Das touristische Zentrum Lissabons ist von den Ausgangsbeschränkungen noch nicht betroffen, wohl aber der an der Peripherie liegende Stadtteil Santa-Clara. Insgesamt müssen nun rund eine Million Portugiesen, die überwiegend in den nord-westlichen Vorstädten Lissabons wohnen, wieder zu Hause bleiben.

In der City Lissabons wird wegen des steigenden Corona-Risikos der Handel eingeschränkt: Mehrere große Märkte wurden verboten. Die Einzelhandelsgeschäfte, die zuweilen bis spät in der Nacht aufhaben, müssen nun um 20 Uhr zumachen. Restaurants schließen wie bisher gegen 22 Uhr.

Die Zahl der Neuinfektionen liegt in Portugal inzwischen so hoch, dass etliche europäische Regierungen mittlerweile vor einem Urlaub in dem südeuropäischen Land am Atlantik abraten. „Vor allen Reisen nach Portugal wird aufgrund der Ausbreitung des Coronavirus gewarnt“, heißt es zum Beispiel in den aktuellen Landesinfos des österreichischen Außenministeriums.

Die deutsche Regierung beschränkte sich am Freitag noch auf den Hinweis, dass „aufgrund der weiterhin steigenden Neuinfektionen“ im Großraum Lissabon einige Lockerungsmaßnahmen zurückgenommen worden seien. Die Deutschen sind nach den Briten die zweitstärkste Besuchernation in Portugal.

332 neue Fälle binnen 24 Stunden

Nach der Statistik des EU-Zentrums für die Prävention und Kontrolle von Krankheiten (ECDC) registrierte Portugal in den letzten sieben Tagen alle 24 Stunden im Schnitt 332 neue Corona-Fälle. Drei Viertel aller Erkrankungen werden derzeit aus dem Großraum Lissabon gemeldet.

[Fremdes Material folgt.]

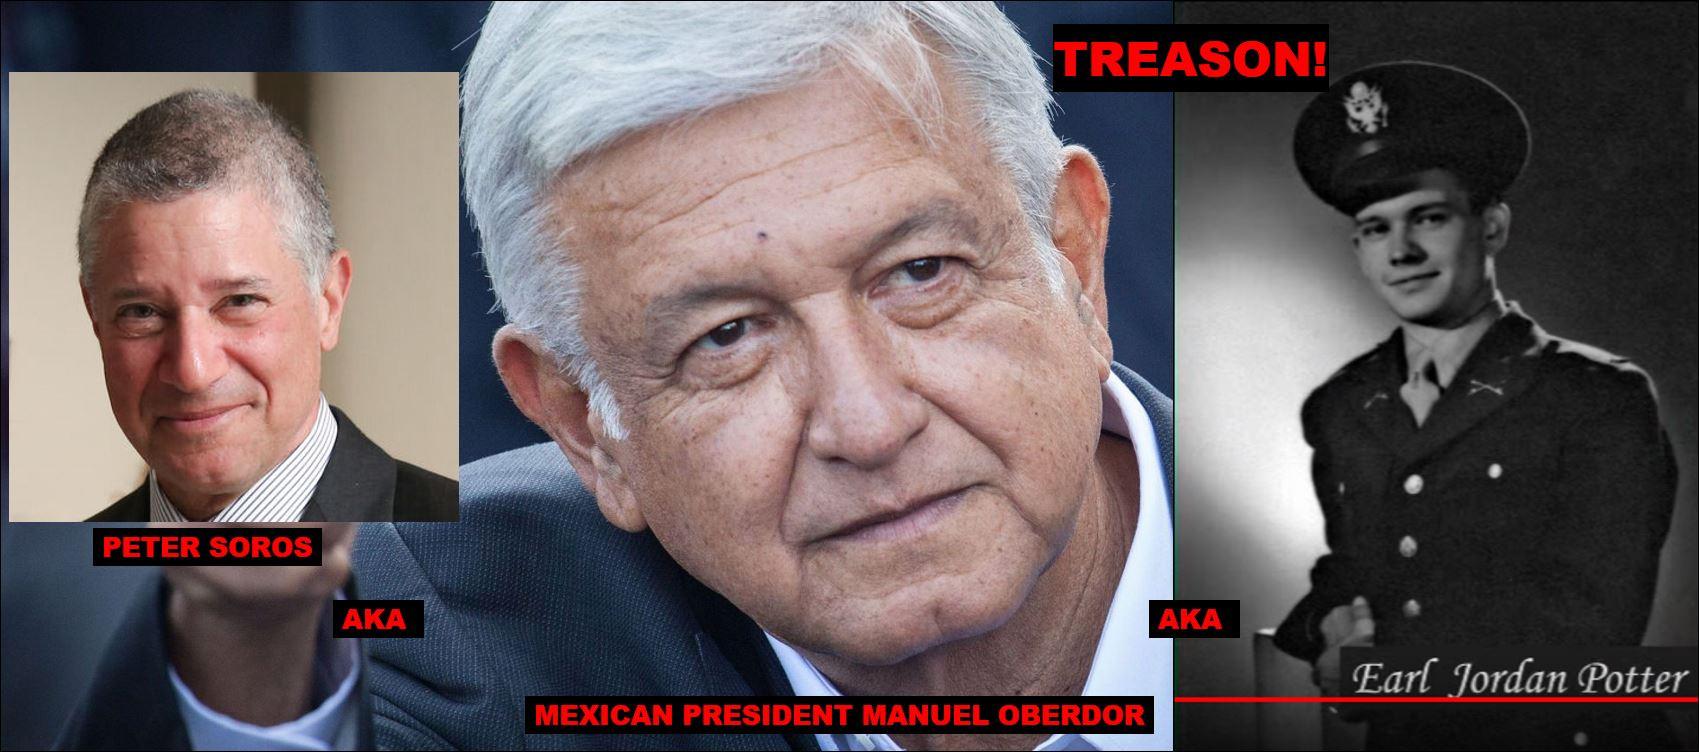 PETER SOROS AKA MEXICAN PRESIDENT OBERDO
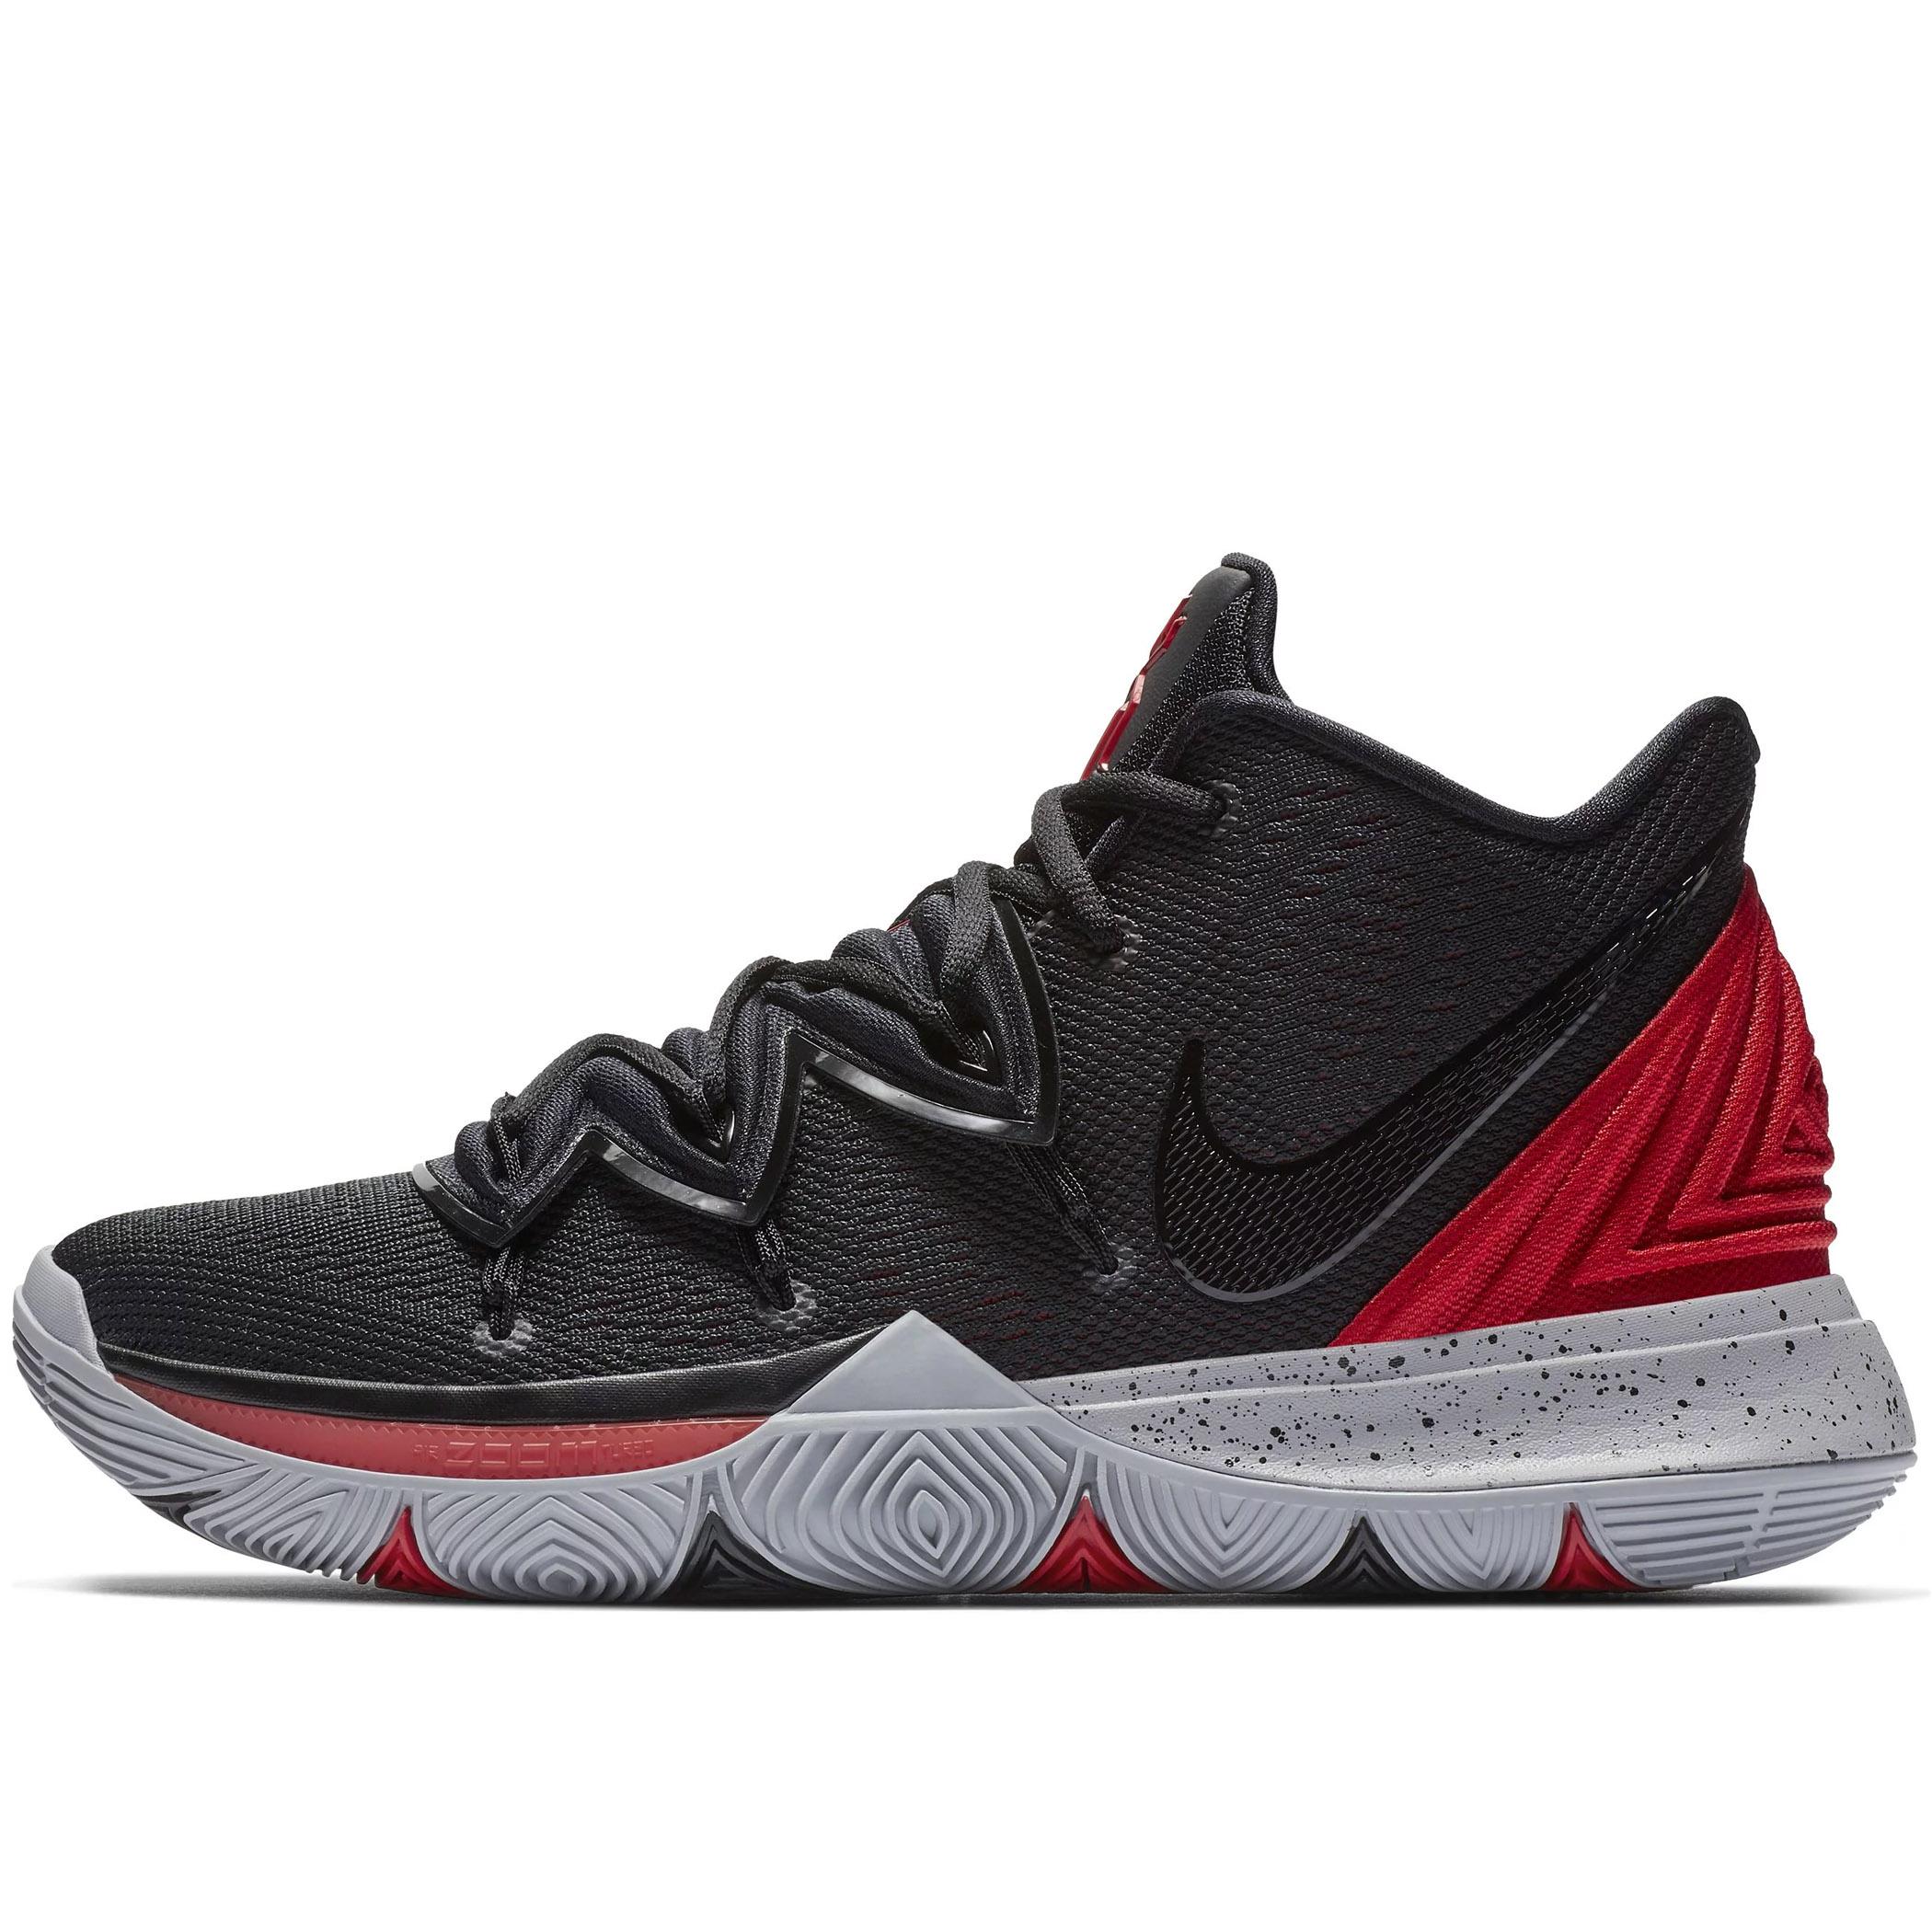 33ca1085 Кроссовки Kyrie Irving от Nike (AO2918-600) - продажа, цена, фото ...

Pro 100.000 Einwohner werden in Portugal derzeit wöchentlich 22,6 Fälle erfasst. Nur in Schweden sieht es mit 76,7 Infektionen pro 100.000 Menschen noch schlechter aus. Zum Vergleich: In Deutschland liegt die Zahl derzeit bei 4,8. Auch andere beliebte Urlaubsländer wie etwa Spanien (4,1), Frankreich (4,0), Österreich (3,1) Italien (2,6) oder Griechenland (0,8) stehen deutlich besser als Portugal da.

Mit der sich verschärfenden Corona-Krise in Lissabon könnte auch das Champions-League-Spektakel vom 12. bis 23. August in Lissabon in Gefahr geraten. Die noch ausstehenden Viertel- und Halbfinalrunden sowie das Endspiel waren von der UEFA in die portugiesische Hauptstadt verlegt worden – weil man dachte, dass dort die Epidemie unter Kontrolle sei.

Auch an der Algarve-Küste, Portugals wichtigster Urlaubshochburg, macht man sich Sorgen. Bisher war die Algarve weitgehend verschont geblieben von der Epidemie. Die meisten der bisher in ganz Portugal durch Tests bestätigten 40.500 Fälle wurden aus den beiden großen Ballungsgebieten Lissabon und Porto gemeldet. Doch seit nach einer illegalen Massenparty im Algarve-Ort Odiáxere binnen weniger Tage schon mehr als 100 Menschen erkrankten, steigt auch dort das Risiko.